The speed at which the film was disseminated, the frenzied reaction to the atrocity on Twitter, and the sheer pace of modern news all point to danger.  Terrorists aim to provoke reprisal attacks - as those who launch them would term them - on innocent people: in this case, Muslims.  As one of yesterday's terrorists reportedly put it: "We want to start a war in London". I wondered when I was an MP how many Al Qaeda terror assaults it would take to spark attacks on Muslims and mosques.  Or what the consequence of a prolonged Israeli incursion into Gaza would be for British Jews - or the effects of war between India and Pakistan on the streets of London or Birmingham.

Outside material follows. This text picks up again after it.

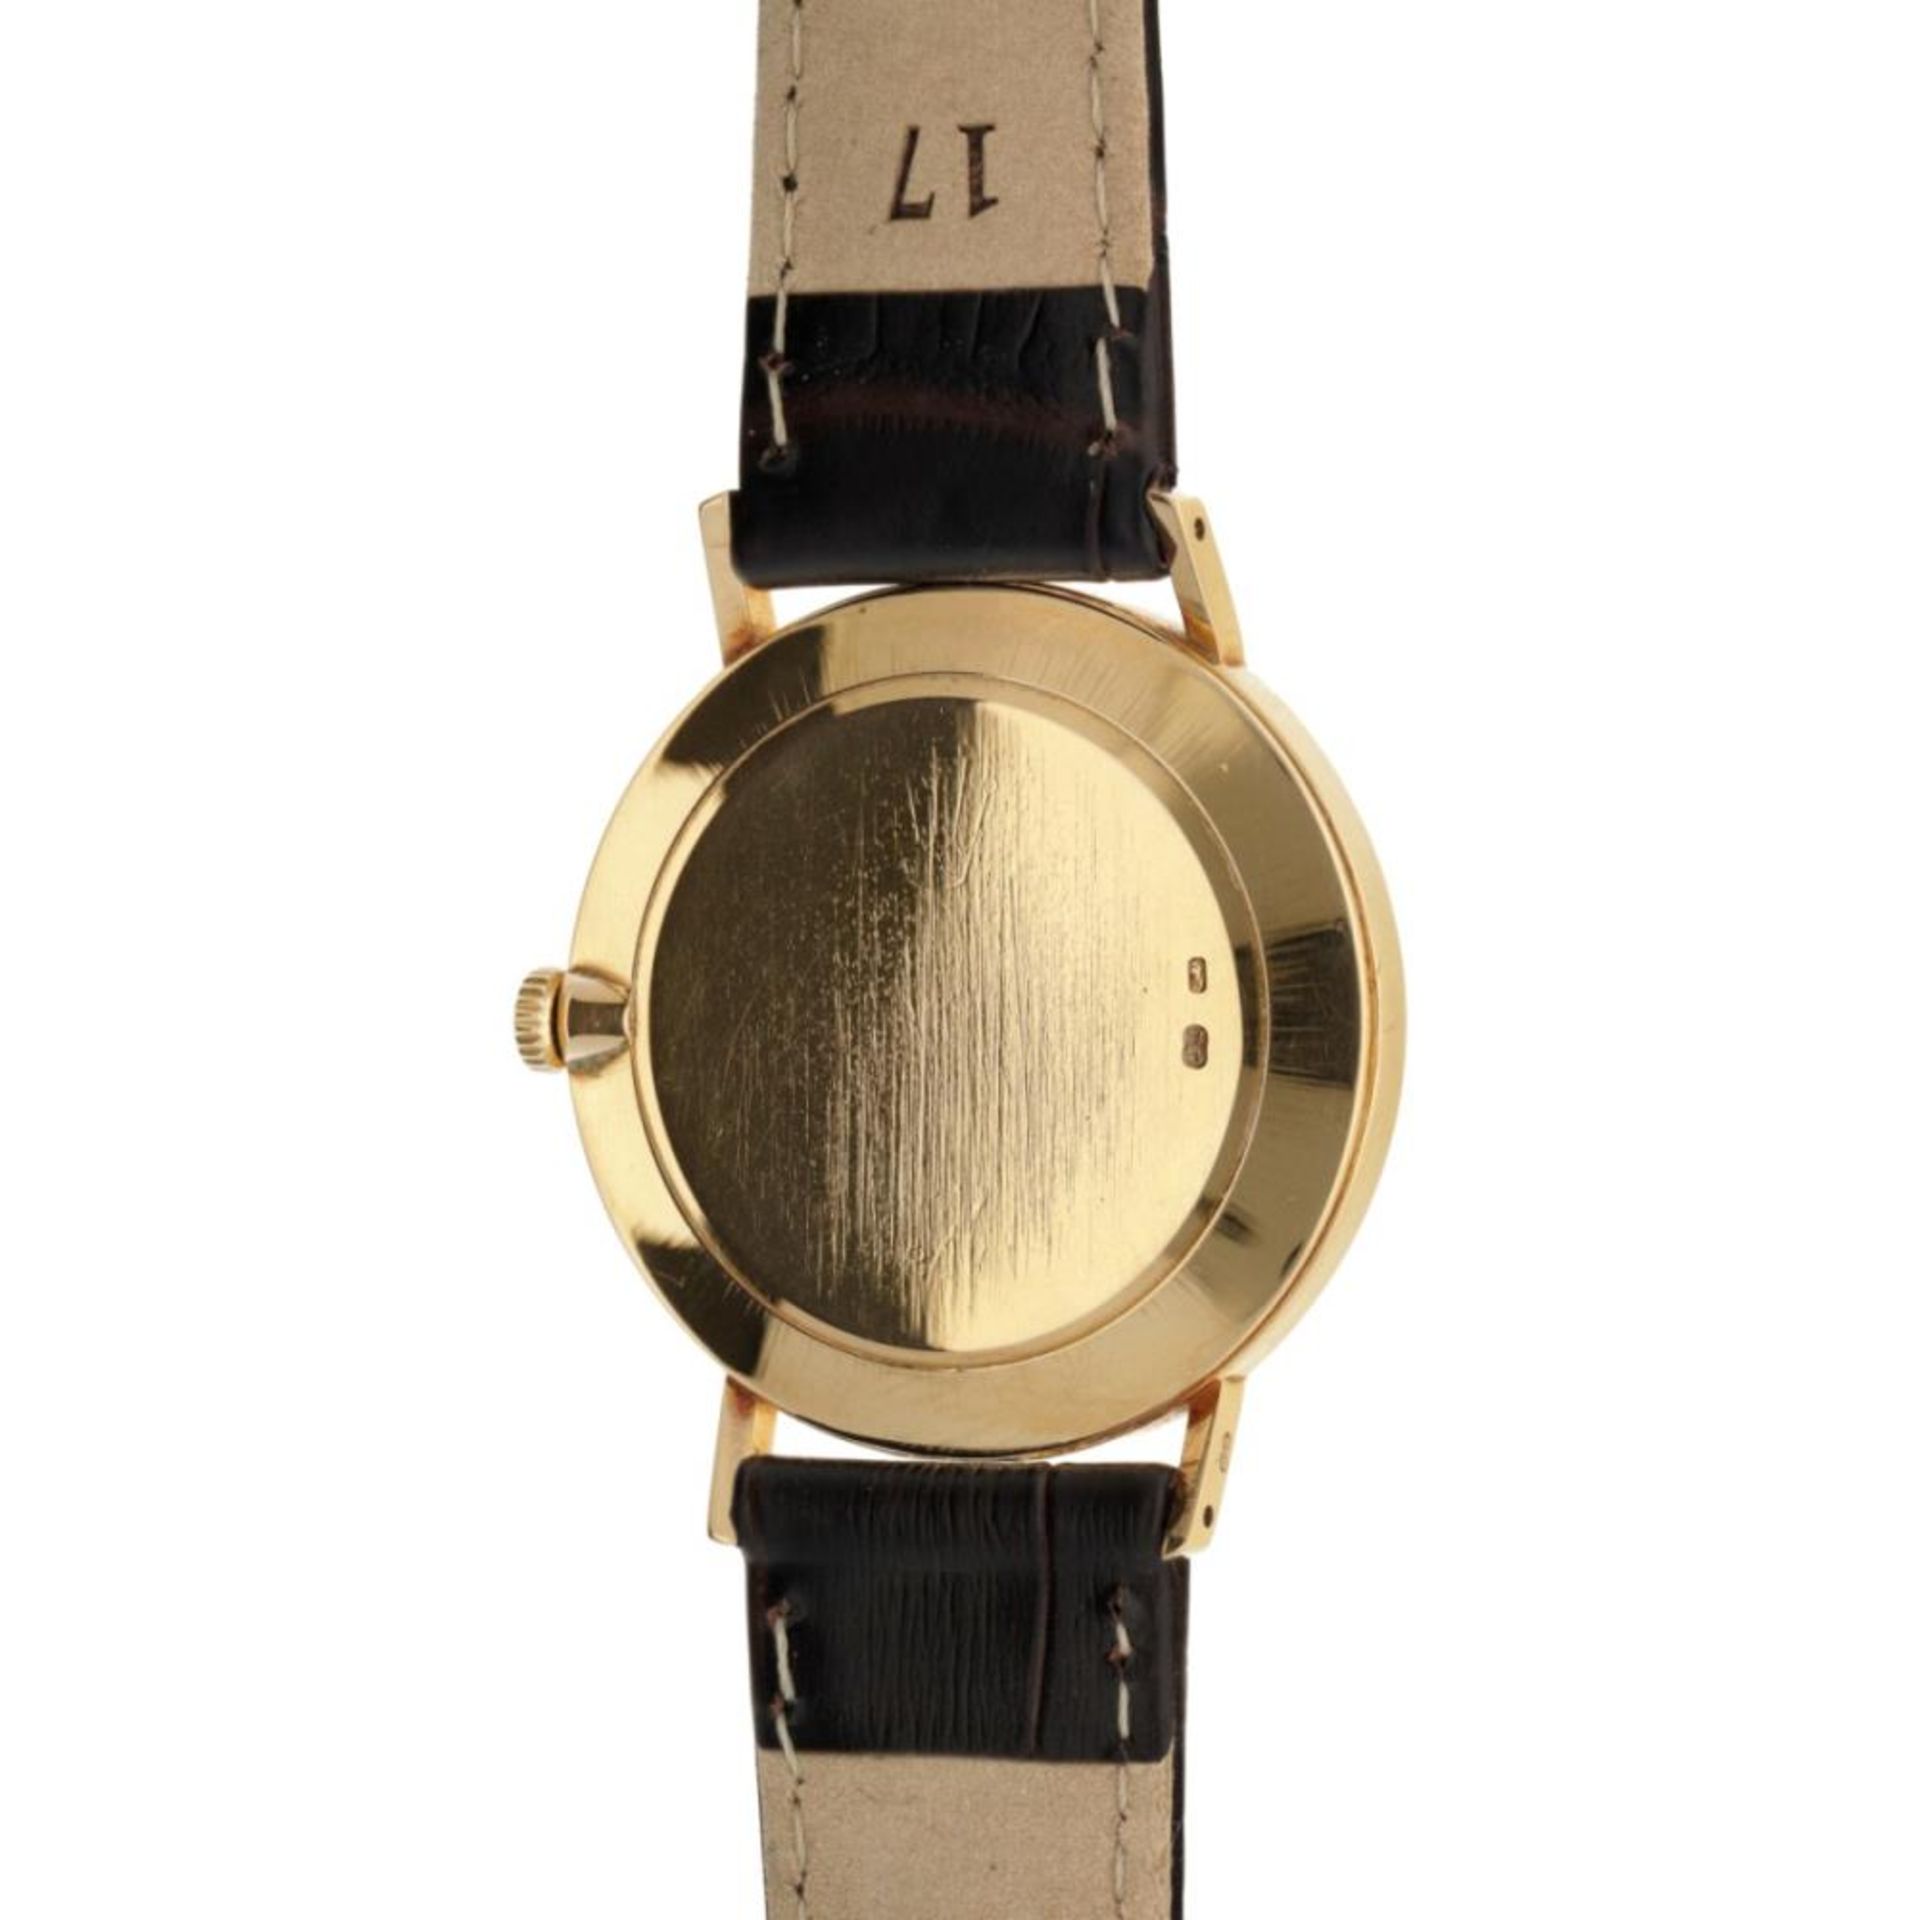 Rolex Cellini 4112 - Men's watch - approx. 1995. - Bild 3 aus 6

The barbaric murder of a member of the armed forces will sicken and anger the overwhelming majority of the British public.  As I write, we cannot know that yesterday's horror will not repeated, that the murderers were not acting alone, or that further assaults of a similar kind will not be attempted.  However, we can be sure that the hearts of British Muslims sank at yesterday's news.  For them, the return of Islamist terror to Britain means more journalists in their neighbourhoods, more scrutiny of their circumstances, more awkwardness (at least) in the shop or office or playground - and more antipathy towards their religion.

Most will recognise, none the less, that Britain has been a warm home for Muslims - just as it has been for successive waves of immigrants - and many will acknowledge (though more frequently in private than public) that the driving cause of yesterday's bloody horror on the streets of Woolwich isn't deprivation, or inter-generational tension, or even foreign policy, but ideology: the belief that the problems of Muslim-majority countries are caused by western democracies, and that the solution lies in an Islam unrecognisable from the traditional, classical form - one in which that religion has been twisted into an totalitarian ideology like communism or naziism.

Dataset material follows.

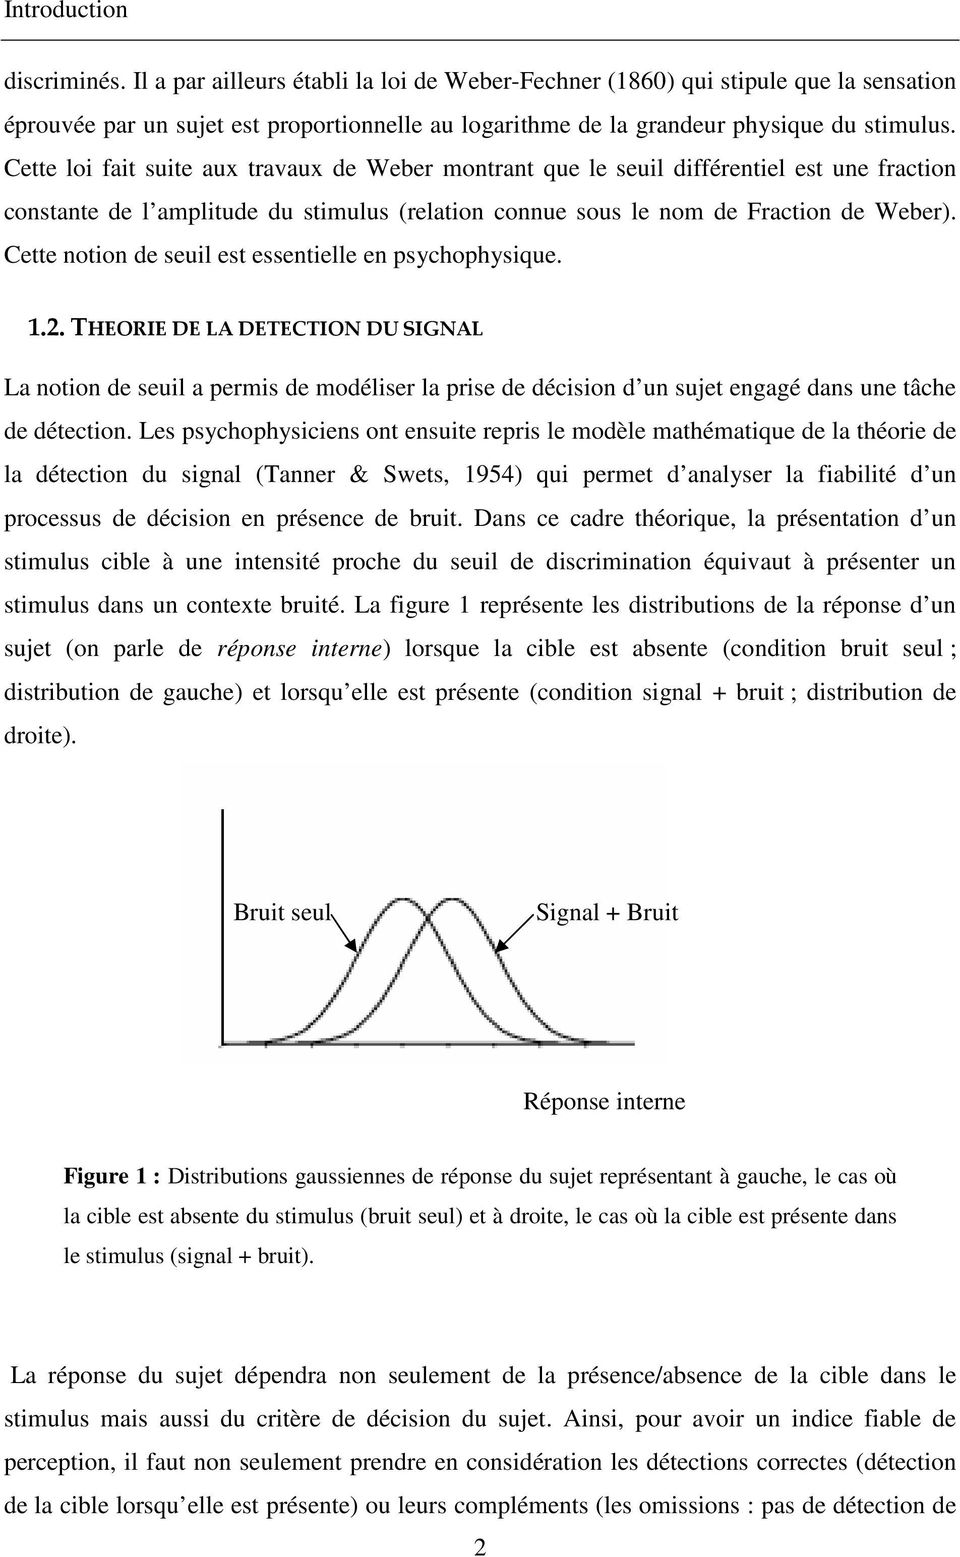 Cette loi fait suite aux travaux de Weber montrant que le seuil différentiel est une fraction constante de l amplitude du stimulus (relation connue sous le nom de Fraction de Weber).

Britain is only a part of the worldwide theatre on which the conflict between Islamism and its enemies - that is, nearly everyone else, including Sufi Muslims as well as western democracies - is being fought.  Governments must thus recognise that there are limits to what policy can achieve.  Withdrawal from Iraq and coming withdrawal from Afghanistan have not ended terror, as we saw yesterday.  The security services will not halt every plot, though they have stopped many since 21/7.  There is no evidence that initiatives such as last Government's Prevent policy, on which it staked so much, delivered hard results or value for money for the taxpayer.

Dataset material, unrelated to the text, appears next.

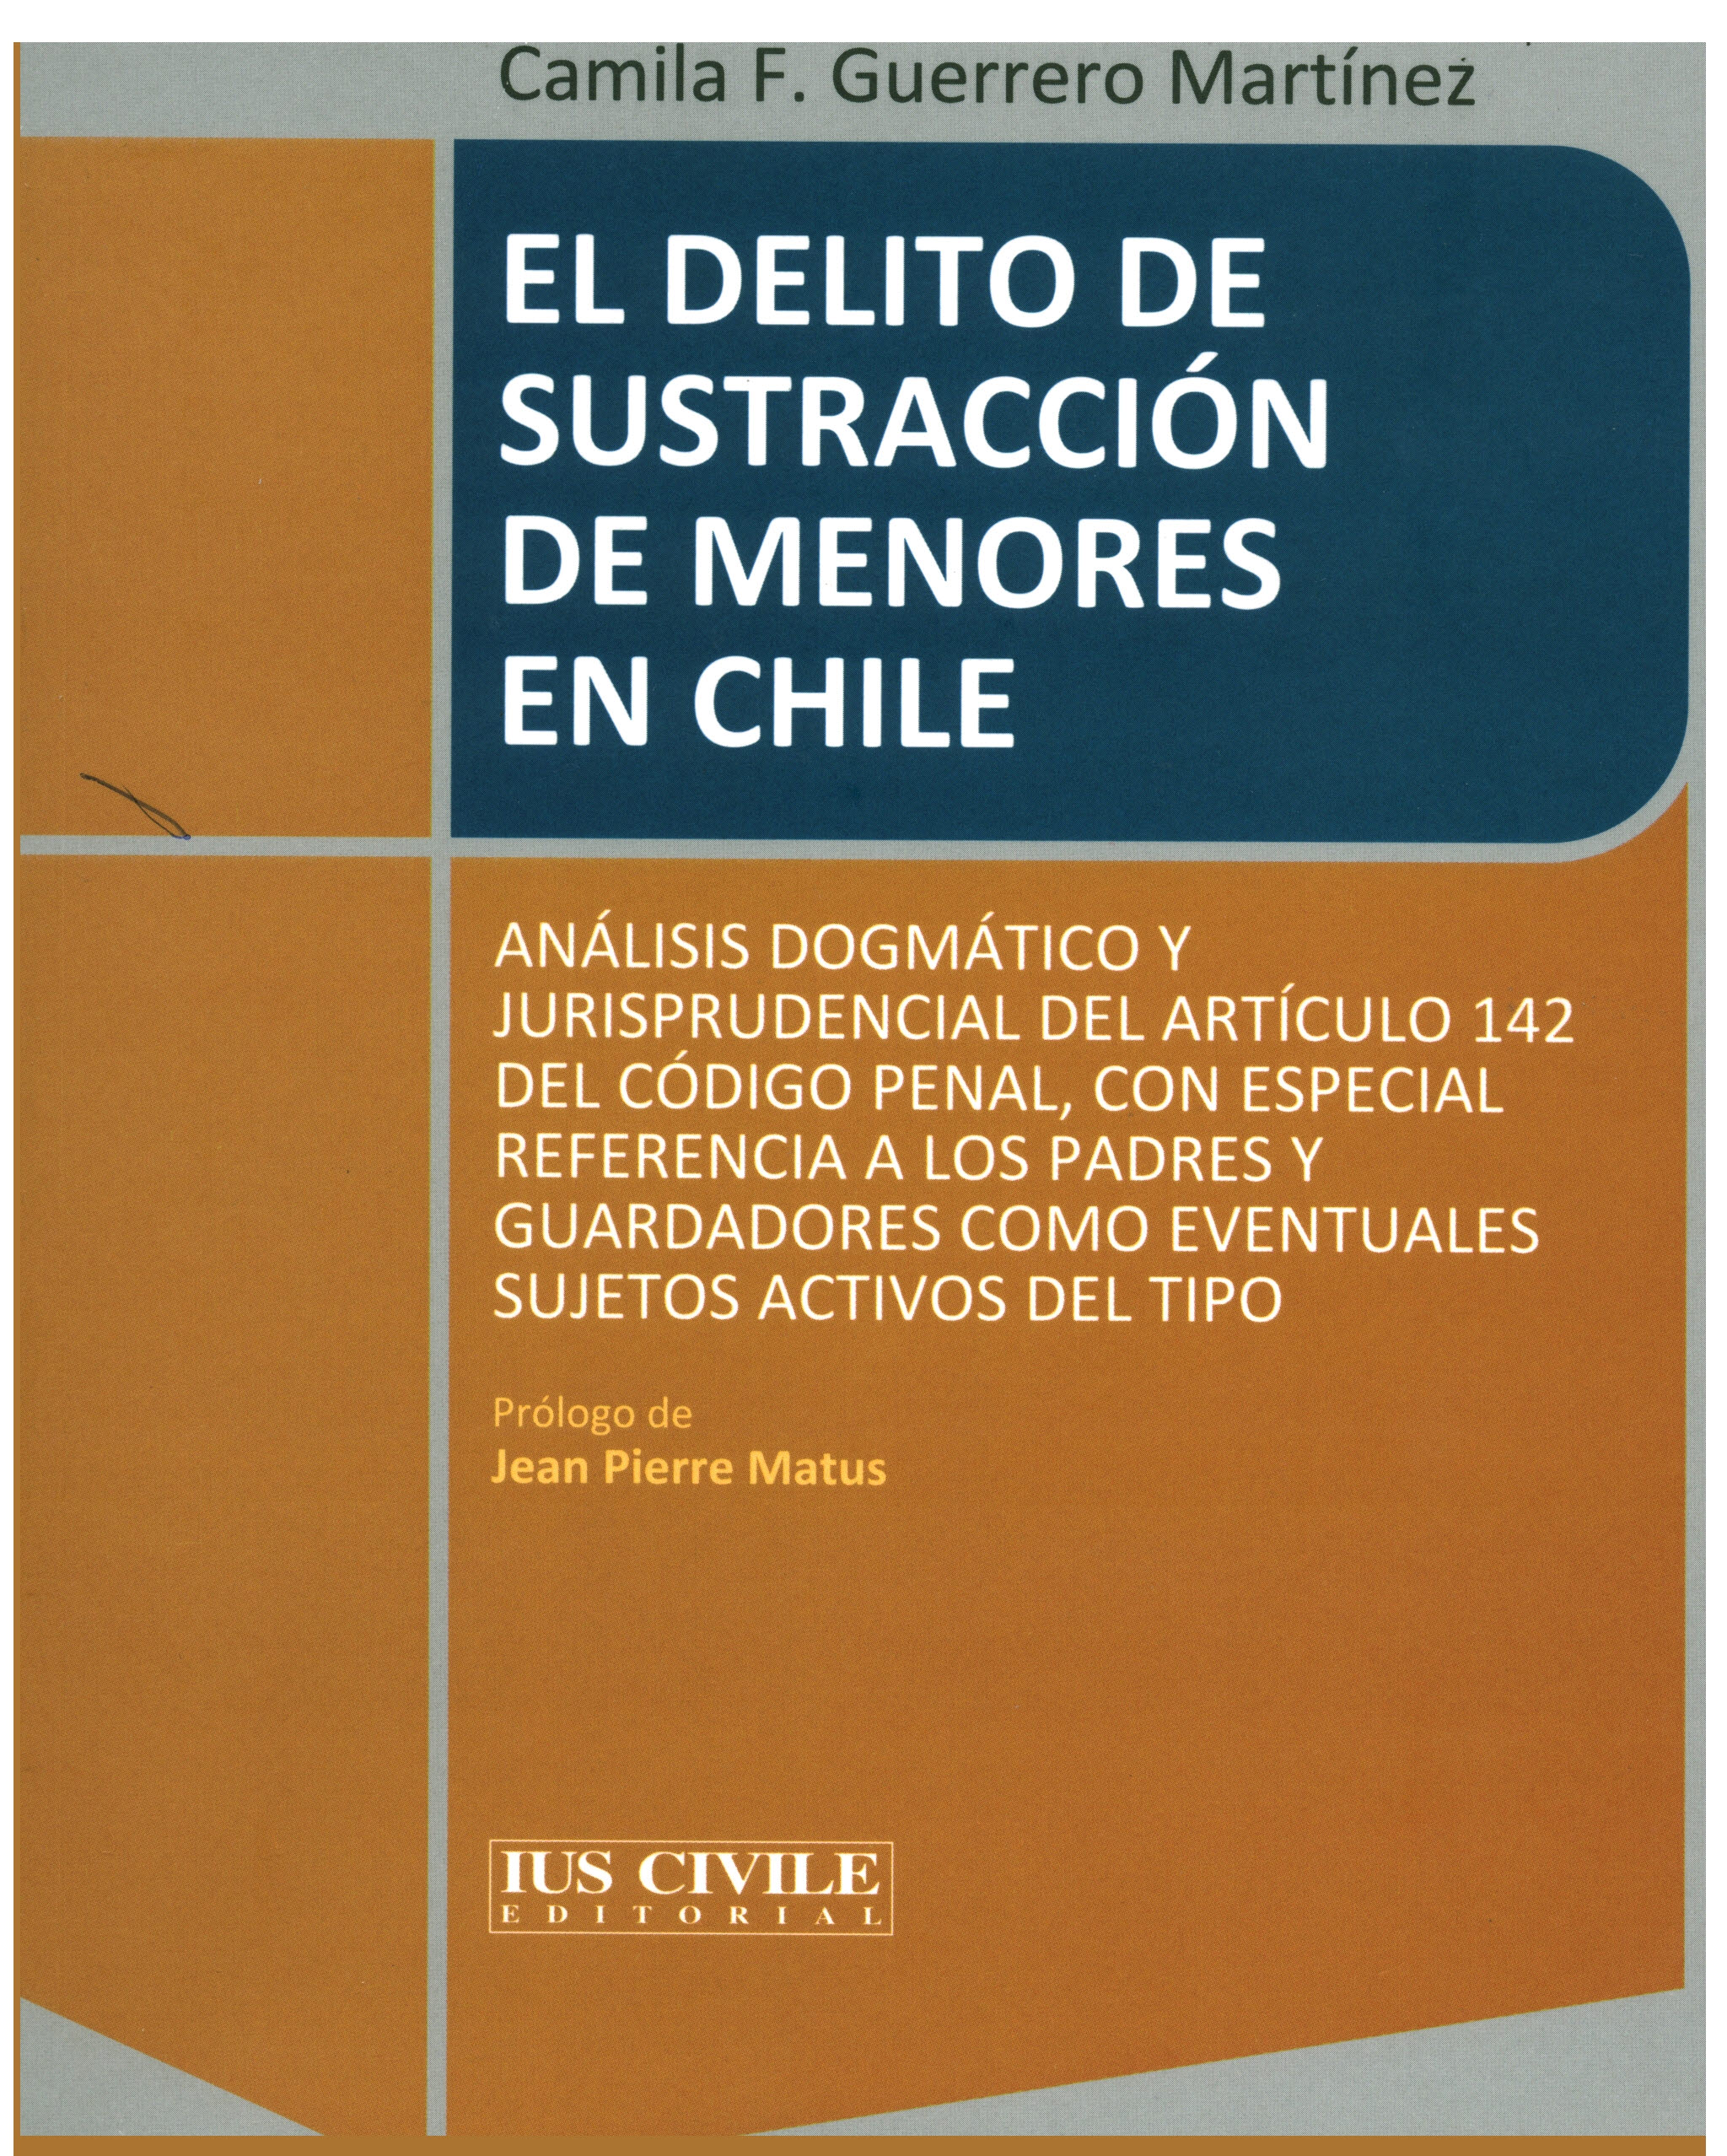 El delito de sustracción de menores en Chile.

Islam is compatible with democracy, Islamism is not - but politicians have neither the knowledge nor the mandate to help shape "a British Islam".  Perhaps all they can do is run an effective security strategy, and make limited political progress.  The latter would include recruiting more Muslims into the armed forces - there were about 600 in 2010: one of the biggest barriers to recruitment, according to Shiraz Maher's Ties That Bind, is that young Muslims are unaware that the opportunity to join is there at all.  (Maher's pamphlet for Policy Exchange tells the story of how hundreds of thousands of Muslims fought for Britain in two world wars.)

Above all, government can grasp that violent extremism has its roots in extremist ideology - which infects the minds of failed young men like a virus, and lends them a sense of identity and belonging.  Theresa May is working hard at keeping preachers who share that ideology out of the country - though CLG had not, when I last enquired, set out its counter-extremism policy (for which we have waiting for over a year). There are still conspicuous problems, but this is not the time to return to them.  Rather, it is one to think of and pray for the friends and family of a  soldier murdered while unarmed on the streets of Woolwich.  And to add that attacks on mosques or Muslims in response betrays the values of the country he served.